On Thu, Jul 27, 2023 at 10:15:16AM +0200, Michal Hocko wrote:
On Thu 27-07-23 15:36:27, Chuyi Zhou wrote:
This patchset tries to add a new bpf prog type and use it to select
a victim memcg when global OOM is invoked. The mainly motivation is
the need to customizable OOM victim selection functionality so that
we can protect more important app from OOM killer.
This is rather modest to give an idea how the whole thing is supposed to
work. I have looked through patches very quickly but there is no overall
design described anywhere either.
Please could you give us a high level design description and reasoning
why certain decisions have been made? e.g. why is this limited to the
global oom sitation, why is the BPF program forced to operate on memcgs
as entities etc...
Also it would be very helpful to call out limitations of the BPF
program, if there are any.
One thing I realized recently: we don't have to make a victim selection
during the OOM, we [almost always] can do it in advance.

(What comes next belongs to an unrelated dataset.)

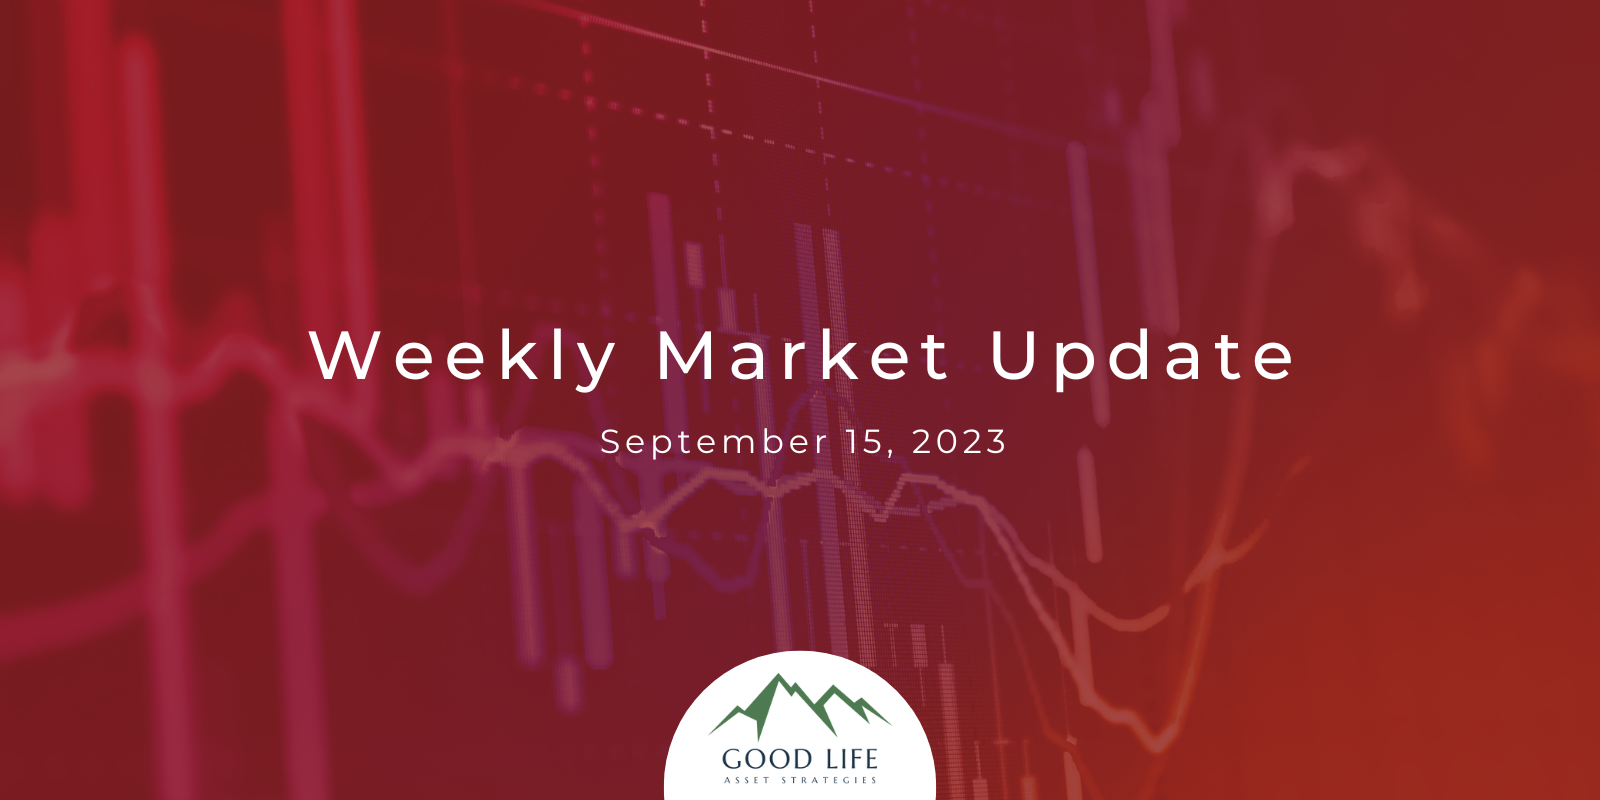 Stock Breakout Coming Soon: Weekly Market Update for September 15, 2023, from DeWayne Hall

Kernel OOM's must guarantee the forward progress under heavy memory pressure
and it creates a lot of limitations on what can and what can't be done in
these circumstances.
But in practice most policies except maybe those which aim to catch very fast
memory spikes rely on things which are fairly static: a logical importance of
several workloads in comparison to some other workloads, "age", memory footprint
etc.
So I wonder if the right path is to create a kernel interface which allows
to define a OOM victim (maybe several victims, also depending on if it's
a global or a memcg oom) and update it periodically from an userspace.